July's Farewell

Yet once again, ye banks and bowery nooks,
And once again, ye dells and flowing brooks,
I come to list the plashing of your fountains
And lie within the foldings of your mountains.
Yet once again, ye mossy flowery plots,
And once again, ye leaf-enguarded grots,
And breathing fields and soft enclosing shades,
And once again, ye fair and loving maids,
I come to twist my fingers in your tresses,
And watch your eyes and laugh in your caresses,
And beg or steal or seize your pouting kisses
And live and die in your oblivious blisses;
Yet once again, ye banks and bowers, I hie to you,
And once again, ye loves and graces, fly to you.

I come, I come, upon the heart's wings fly to you,
Ye dreary lengths of brick and flag, goodbye to you,
Ambitious hopes and money's mean anxieties,
And worldly-wise decorum's false proprieties,
And politics and news and fates of nations too,
And philanthropic sick investigations too,
And company, and jests, and feeble witticisms
And talk of talk, and criticism of criticisms;
I come, I come, ye banks and bowers, to hide in you,
And once again, ye loves and joys, confide in you.

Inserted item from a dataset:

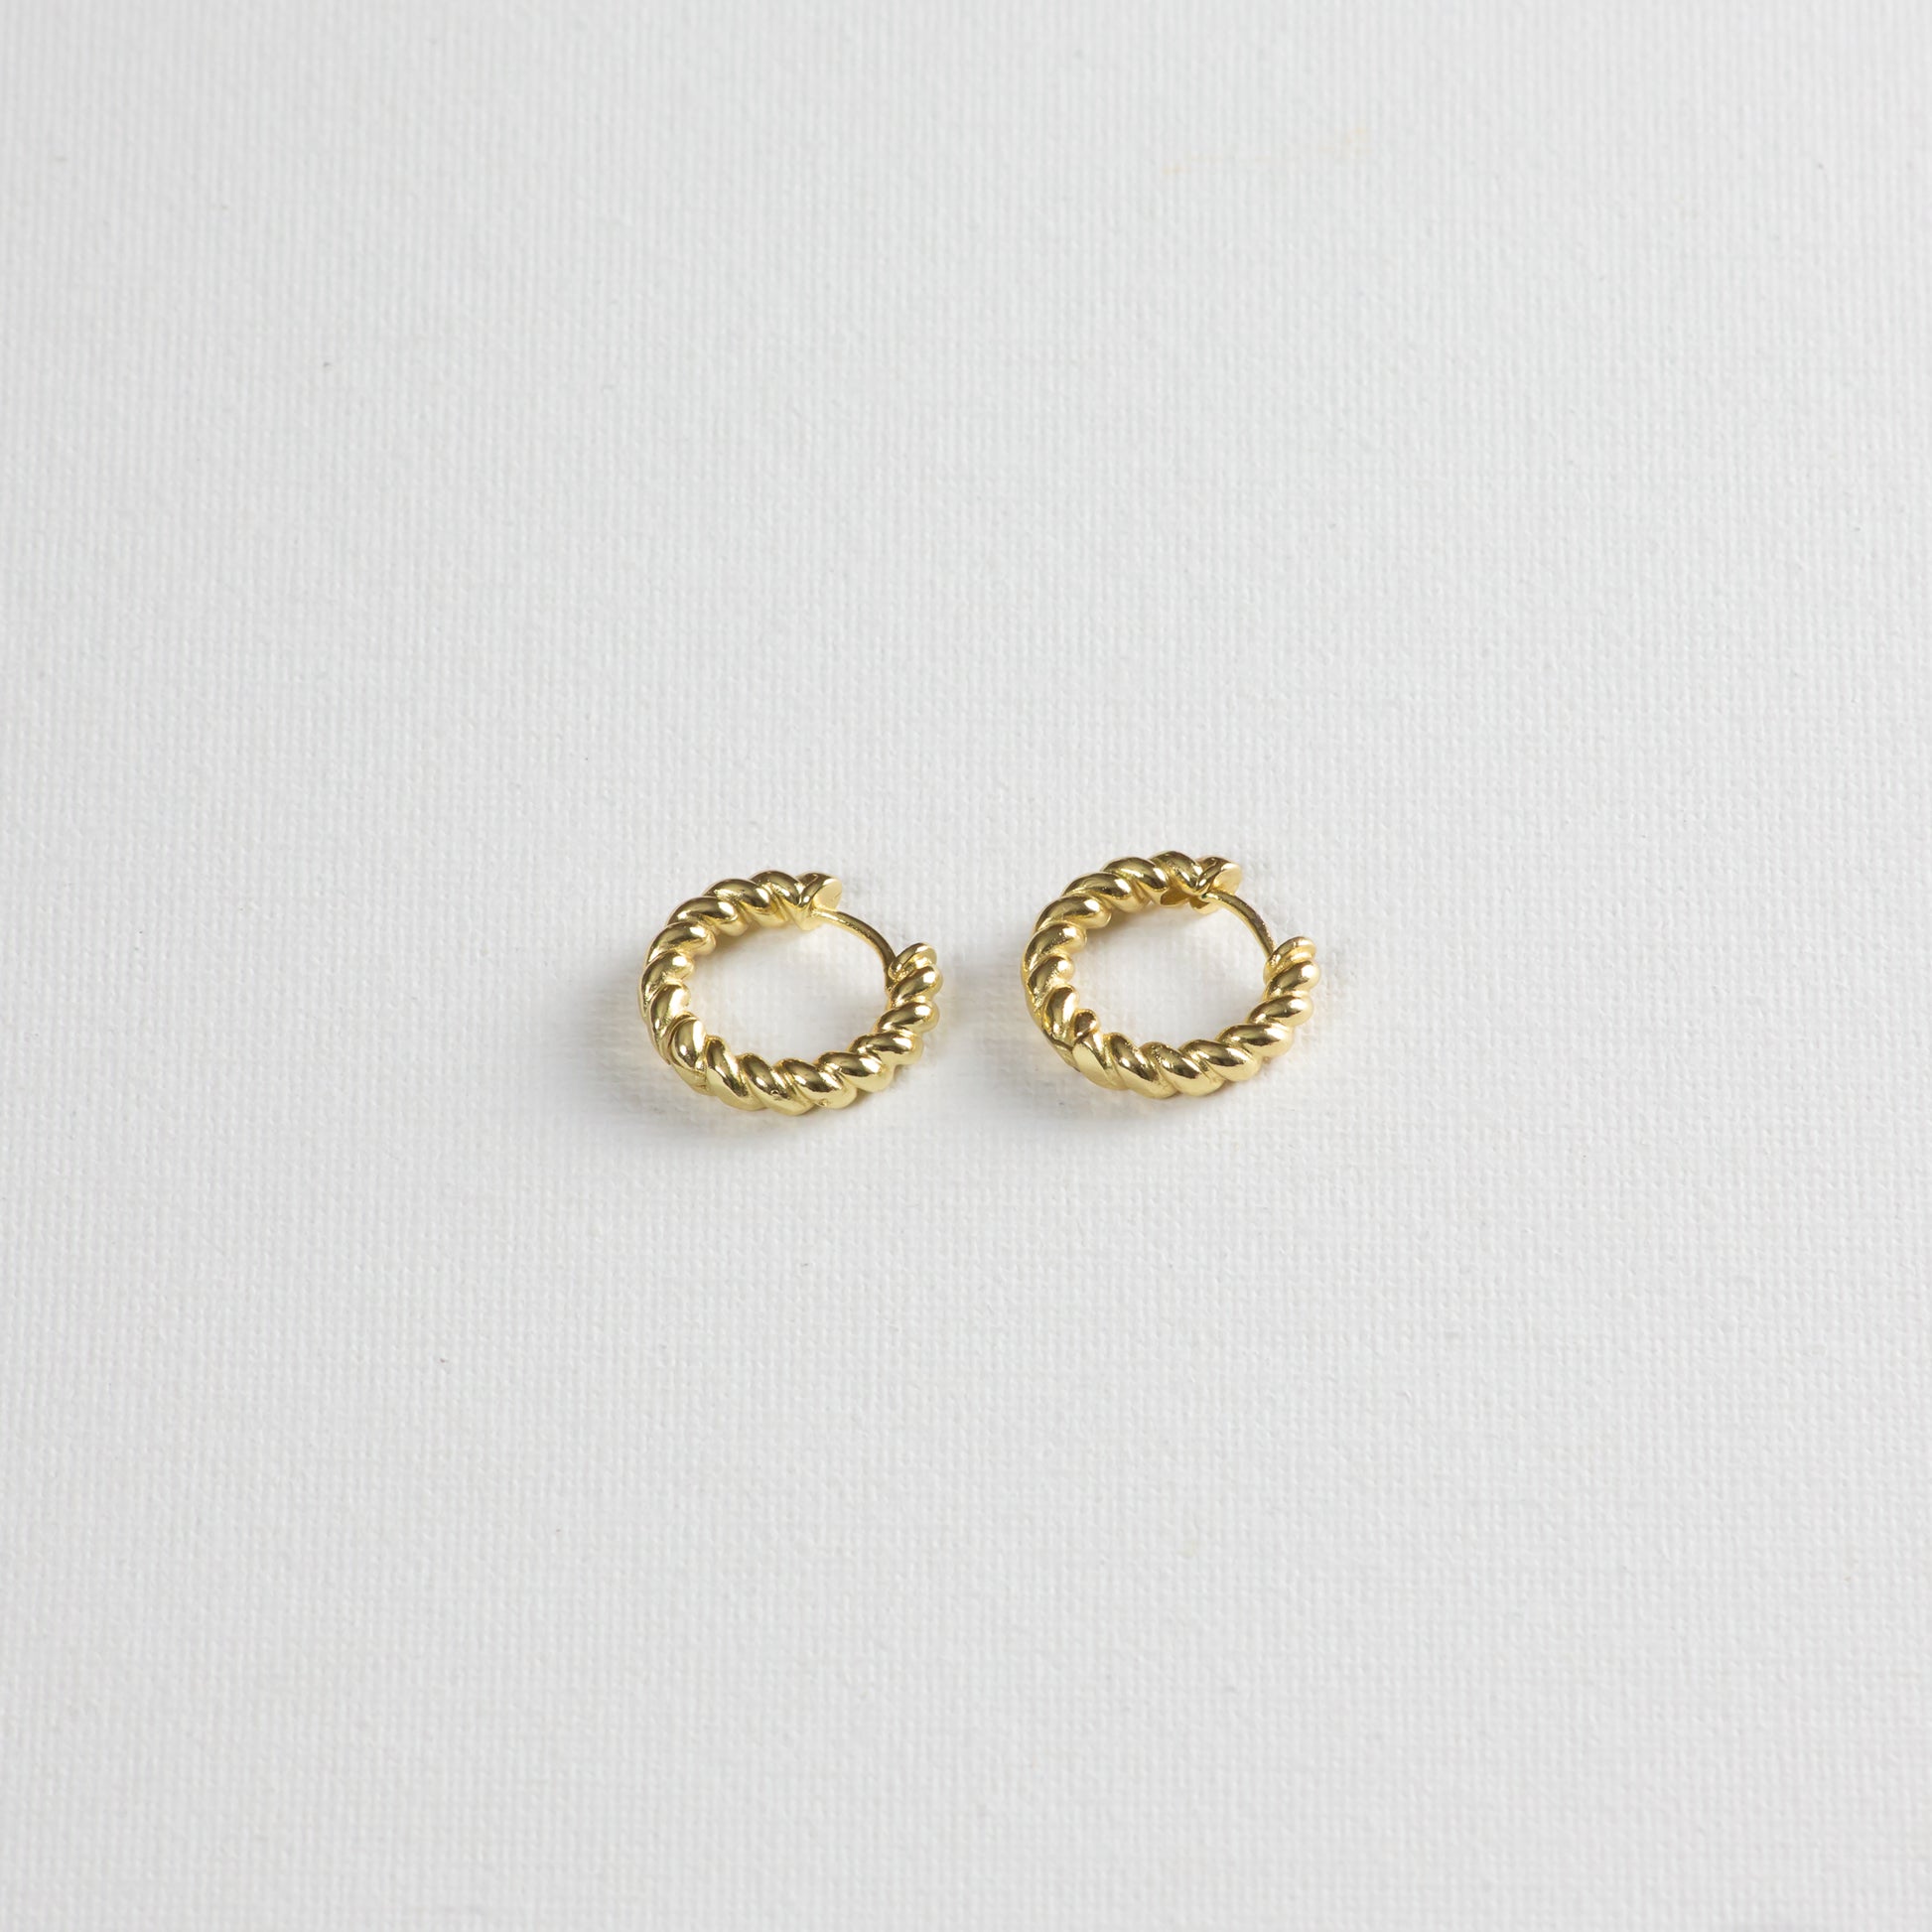 A different angle of the Honey crueller hoops on a white background.

Yet once again, and why not once again?
The leaves they tumbled, but the boughs remain;
Cold winds they blew, and biting frosts they dried them,
But didn't wholly kill the old life inside them;
What Winter numbed, sweet Spring anon revisiteth,
And vernal airs to vernal stir soliciteth,
No scruples fond, no sly fastidious tarrying here,
Sweet air and earth forthwith are intermarrying here;
To intermixtures subtle, strange, mysterious
A voice, an impulse soft, sublime, imperious,
Calls all around us; shall we deaf remain?
Yet once again, and why not once again,
Yet once again, ye leafy bowers, I hide in you
And once again, ye tender loves, confide in you.

I come, I come, upon the soul's wings hie to you,
Ye weary lines of printer's ink, goodbye to you,
With all the tomes of all the hundred pages there,
The mighty books of all the World's great sages there,
Grammarians old, and modern fine Philologists,
And Poets gone, and going Ideologists,
From old solemnities, new trivialities,
Philosophies, economies, moralities,
I come, I come, ye banks and bowers, I hie to you,
And once again, ye loves and graces, fly to you.

Yet once again — how often once again?
The days die fast, old age comes on amain:
Age, loss, decay. Ah come, if come they will,
The leaf shall fall, the tree subsisteth still.
Age, weakness, death. Ah come, if come they must,
Age, weakness, death; and over our cold dust
The joyous spring shall lead, as erst, her flowers
To deck as erst our fresh reviving bowers,
And with the Spring and flowers the youth and maid
Shall laugh and kiss and play as we have played,
Shall part and meet and kiss old kisses o'er
And sing old verses we had sung before,
" Yet once again, ye banks and bowers, we hie to you,
And once again, ye loves and graces, fly to you."